Once a year or so, Anne Marie and I get a chance to watch the Phillies play at Citizens Bank Park. It’s always a great experience seeing the teams play live; it’s even better when the home team wins. On this particular night, the game was simply a good experience: our pitcher couldn’t find the strike zone to save his life and the offense demonstrated why many fans feel they’re overpaid. The Phillies only runs in this game came from a home run which the umpire crew later admitted – somewhat sheepishly – should have been ruled a foul ball.

Part of the baseball “experience” is partaking of the stadium food available. There are the traditional hot dogs and caramel popcorn and peanuts that have become part of baseball lore. The concessions at Citizens Bank Park also offer pizza, pork barbecue, cheese steaks, sausage sandwiches, fries, ice cream, soft drinks and, of course, beer. As you may notice, all of these selections fall into the fast food category designed to be consumed at the fan's seat.

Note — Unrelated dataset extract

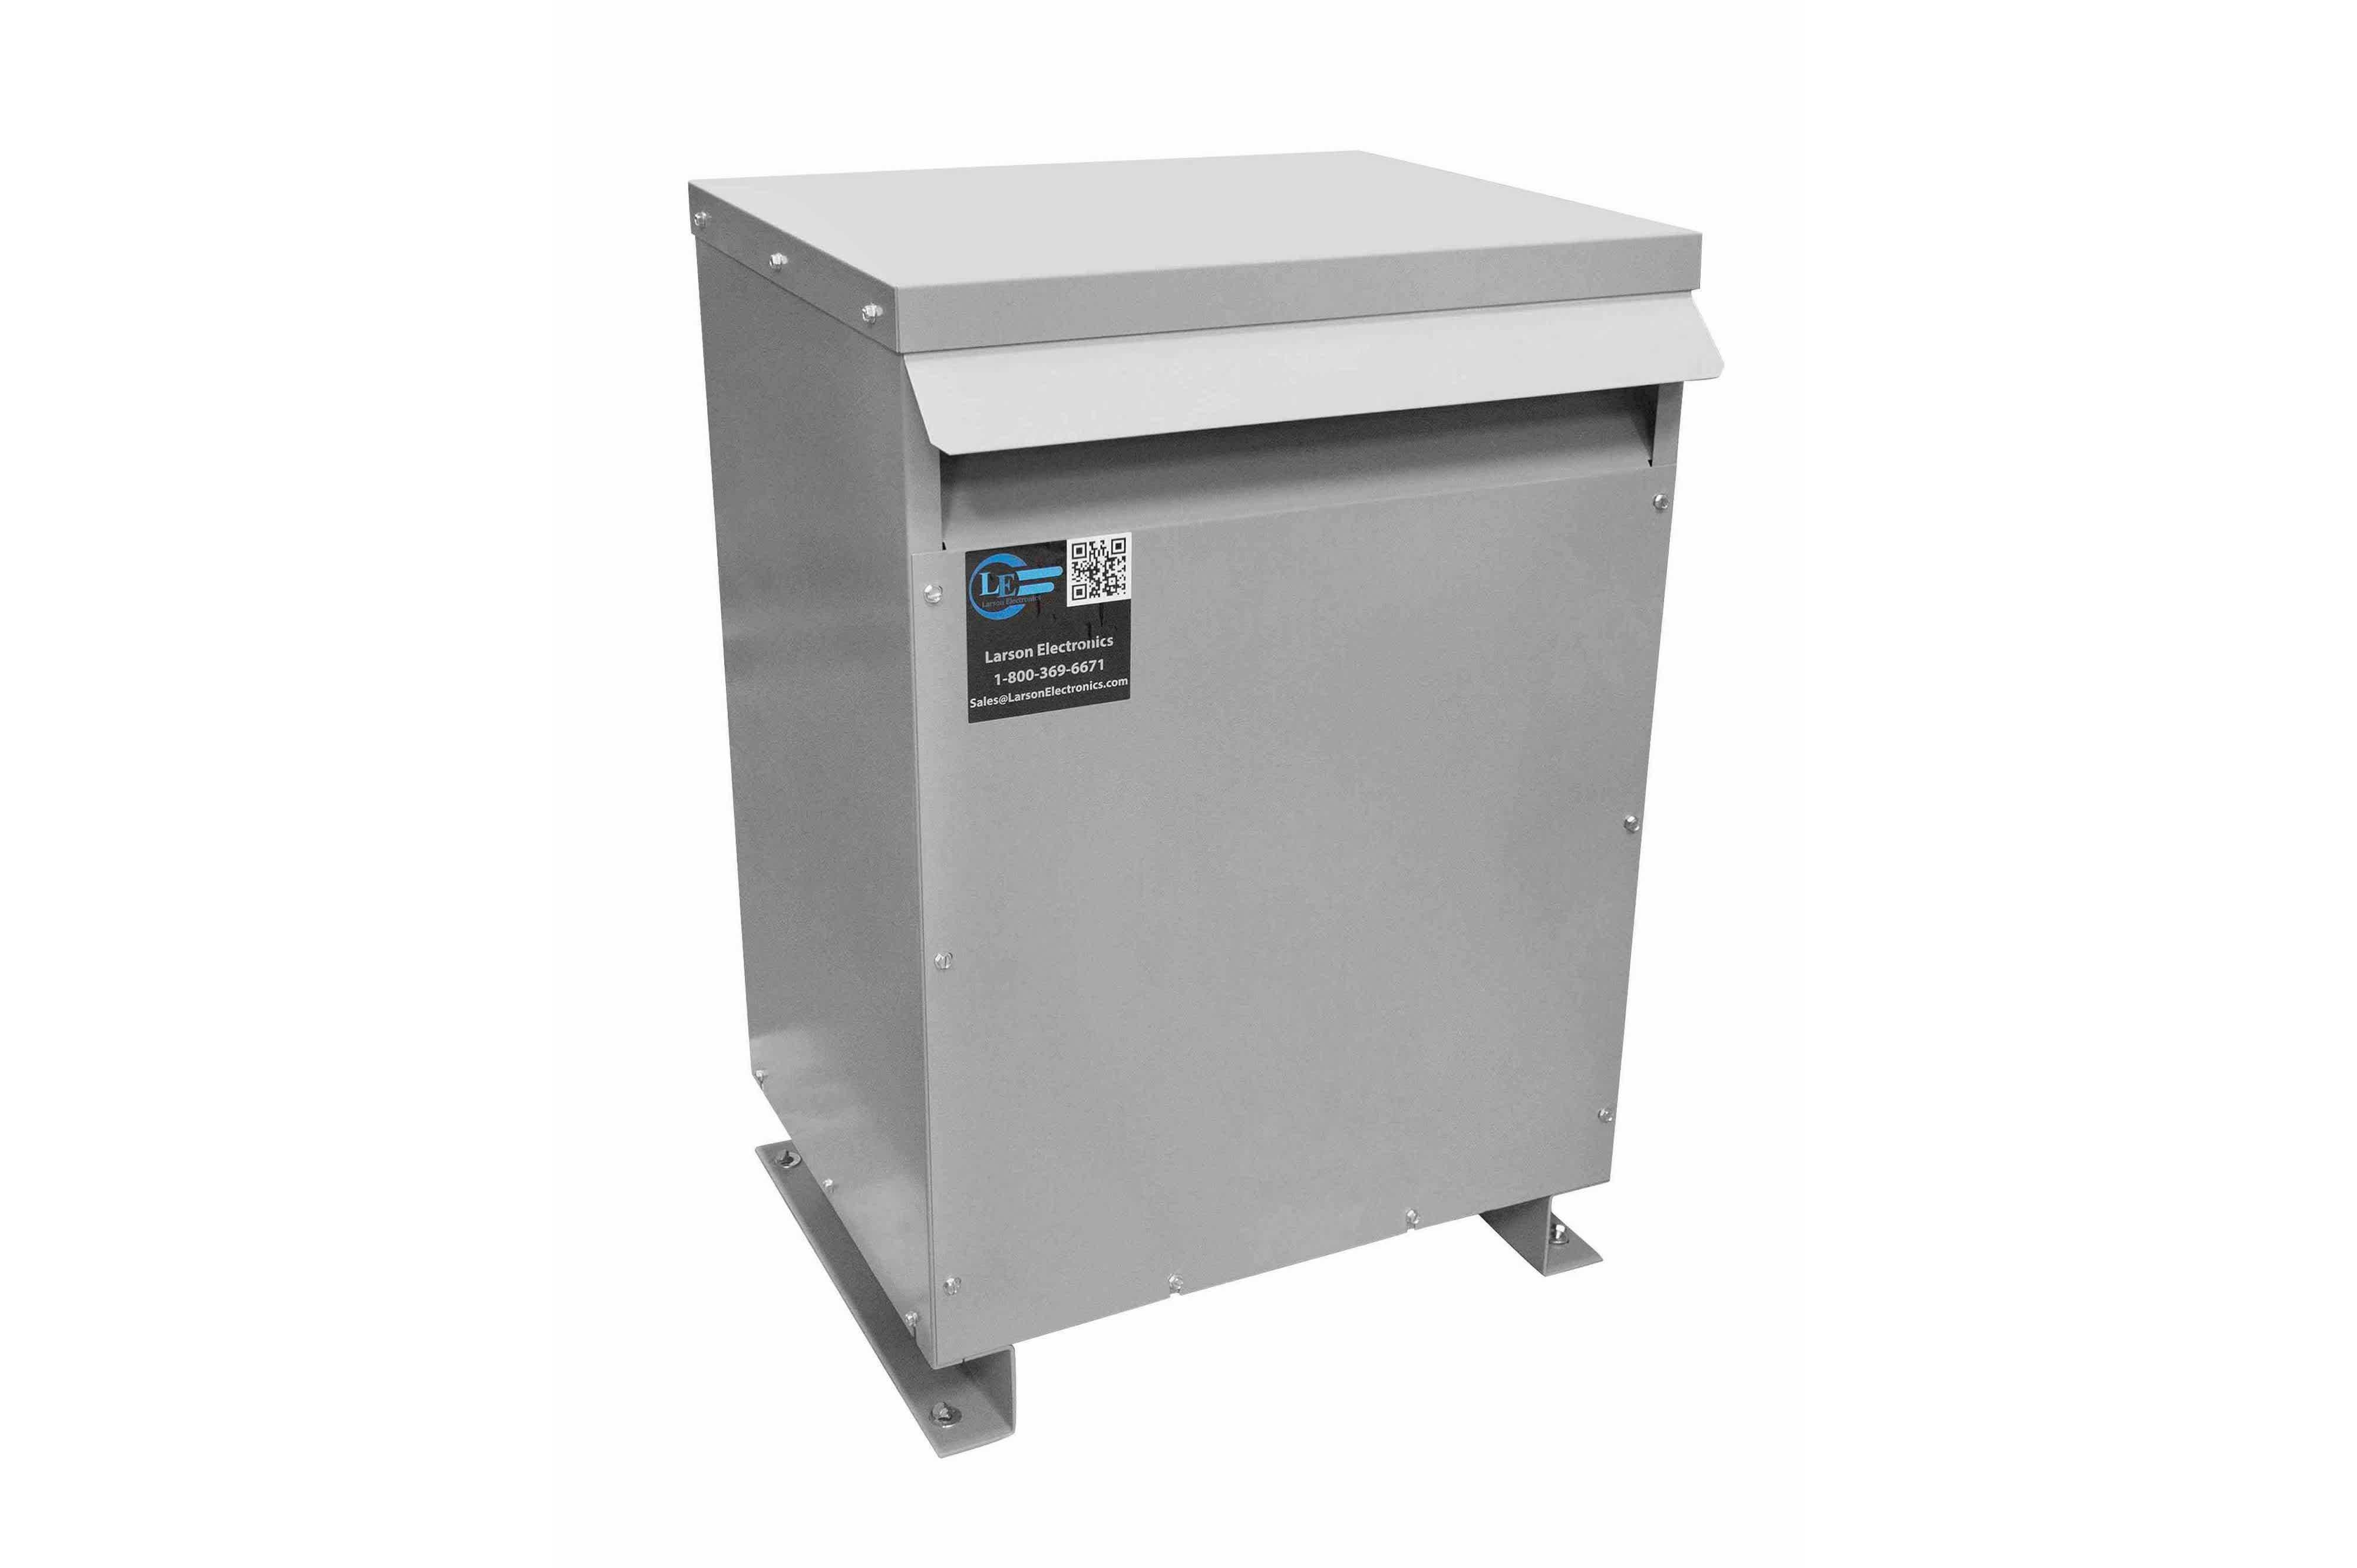 137.5 kVA 3PH Isolation Transformer, 208V Wye Primary, 480Y/277 Wye-N Secondary, N3R, Ventilated, 60 Hz

The food is very tasty and irresistible, but I still have two complaints about baseball food. One, very little baseball food is heart healthy, and secondly, there’s not enough of it. When I say that there isn’t enough of it, I’m not referring to the serving size. What I do object to is the lack of food concessions on the second level where our seats were located.

Let’s take one point at a time. Most of the food offerings are either deep fried, greasy, and/or served with high calorie condiments (example – nachos and cheese). I did see a sign advertising that trans fats were not used to fry the potatoes. Okay, Phillies, you get five points for no trans fats, but otherwise I didn’t observe any other healthy food served at the ballpark. The open air salad and fruit bar never caught on for reasons which I’ll never understand.

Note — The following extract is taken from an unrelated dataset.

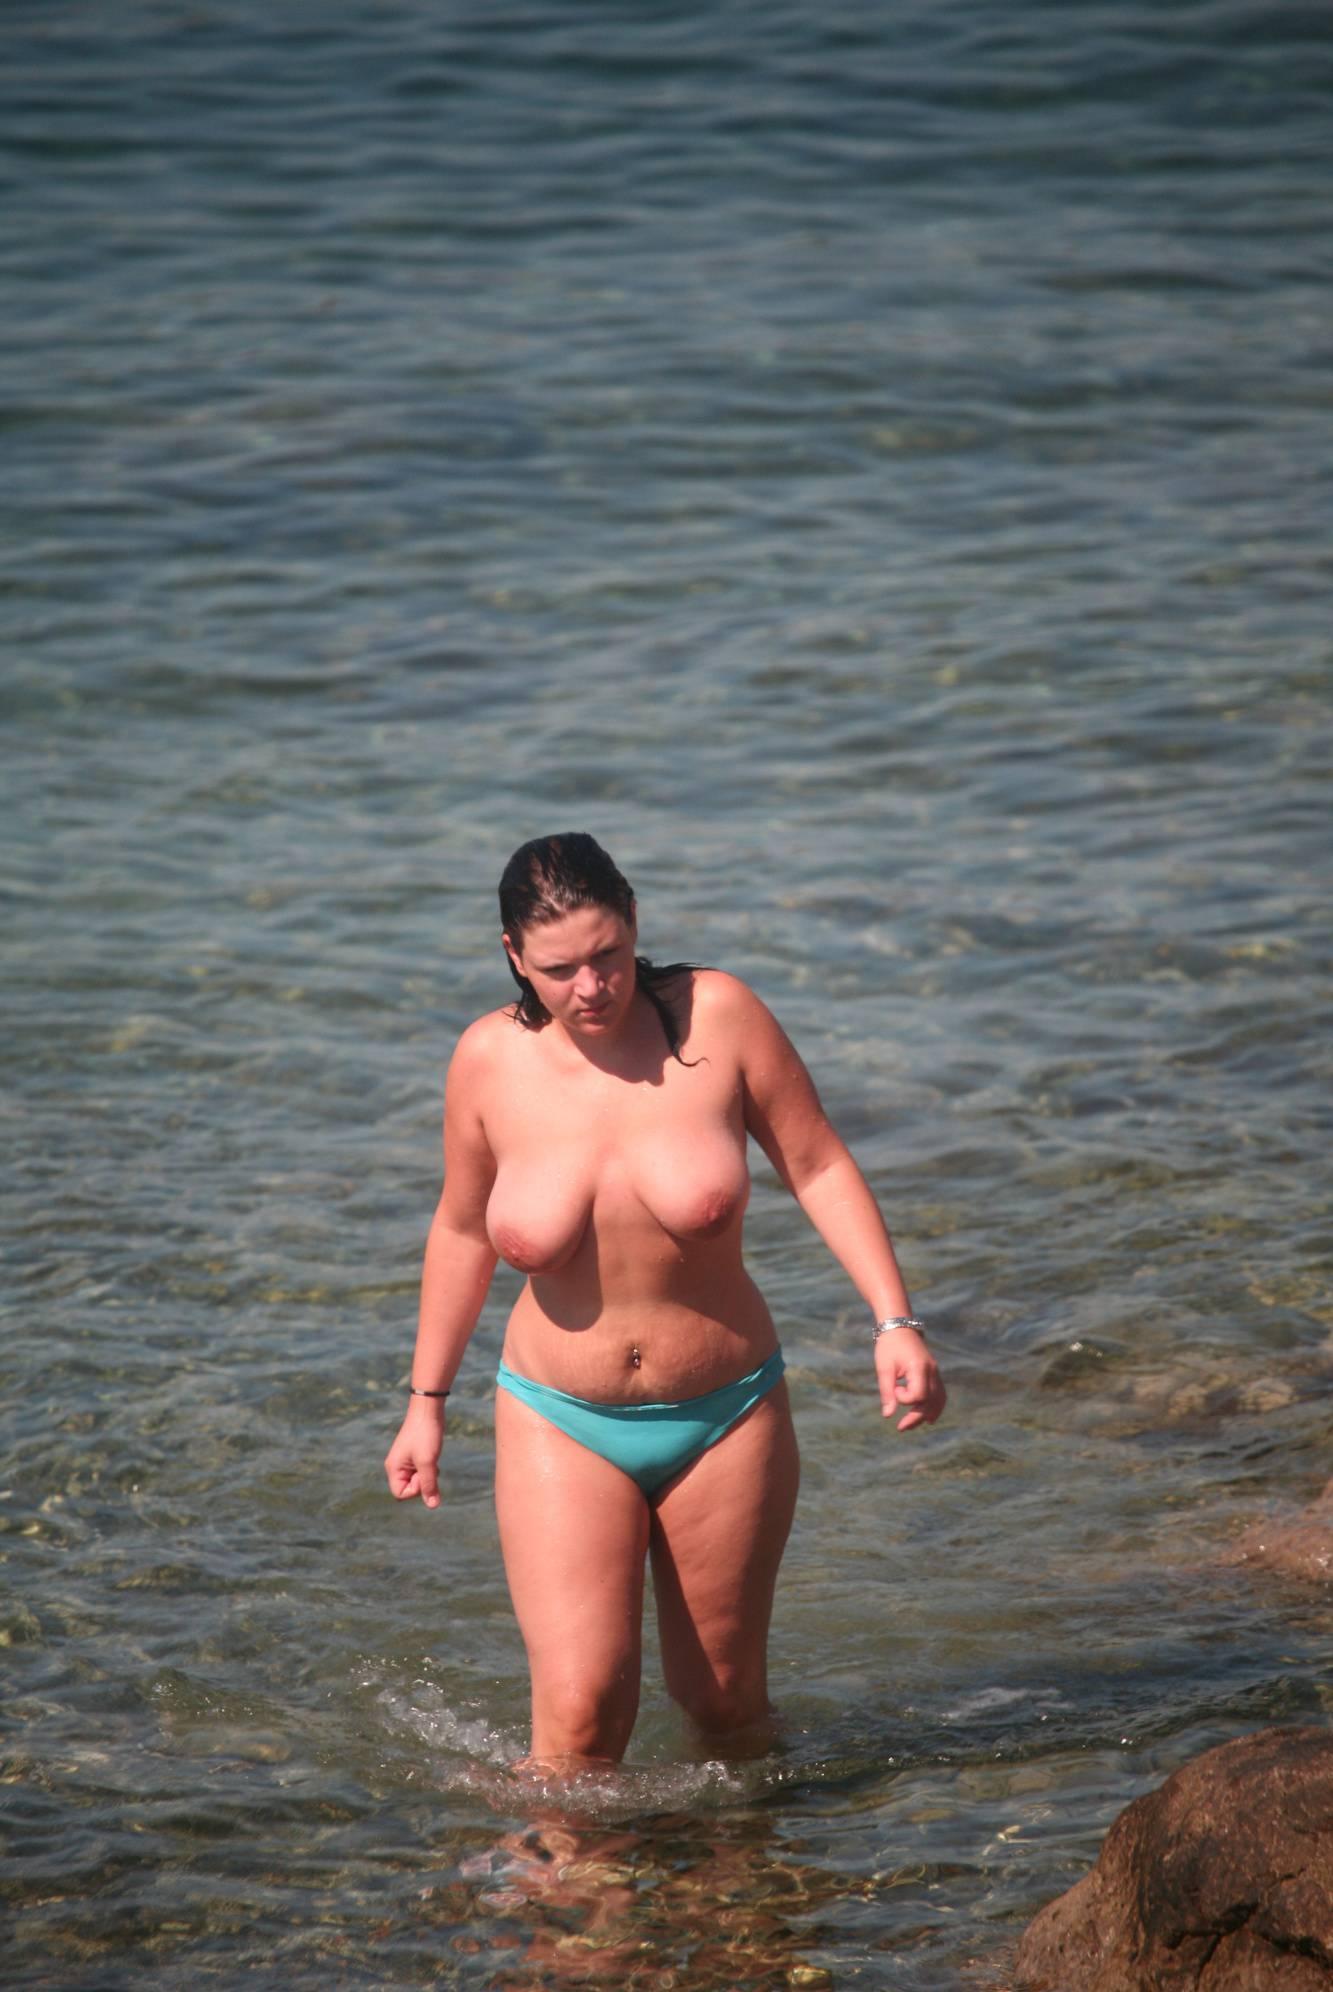 Nudist Photos Crete Parenting Couple - 1

I’ve already talked about the Schmidter in a previous blog. This is a colossal tribute to clogged arteries everywhere that is named after one of the most famous sluggers the Phillies ever had. Once again it is very tasty, but there’s no denying its high caloric content.

My main problem this year was the location of the concession stands in relation to my seat on the second level. At Citizens Bank Park, the majority of the second level is set aside for those patrons in the private suites who can patronize any number of cafes in air-conditioned comfort. This is fine since they pay an extra fee for this privacy.

Unfortunately, it only leaves room for ONE concession stand for the rest of us poor schlubs who are not lucky enough to work for a company that can afford a luxury suite at the ball park. This stand only sells hot dogs (with Starbucks style prices), chicken fingers, fries, drinks, and ice cream. Sausage sandwich? Go upstairs! Pizza, cheese steaks, and everything else — go back downstairs to the main concourse and hope to God you don’t suffer a coronary during your sojourn. That would be truly ironic! Suffer a heart attack while walking your cholesterol-drenched food back to your seat, and you don’t even live long enough to enjoy it.

I can hear the responses already: “No one is forcing you to eat it,” or “Why don’t you bring your own food from home?” True, I’m not being forced to eat their literally heart-stopping menu. However, regardless of how fattening their food is, it is still a vital part of the major league baseball stadium experience. I want to milk every moment of the game for what its worth.

So we shall eat their food, watch their game and, perhaps, survive to eat and watch another day. Besides, you try sneaking an entire salad bar inside your see-through tote bag into the stadium. Trust me, it doesn’t work.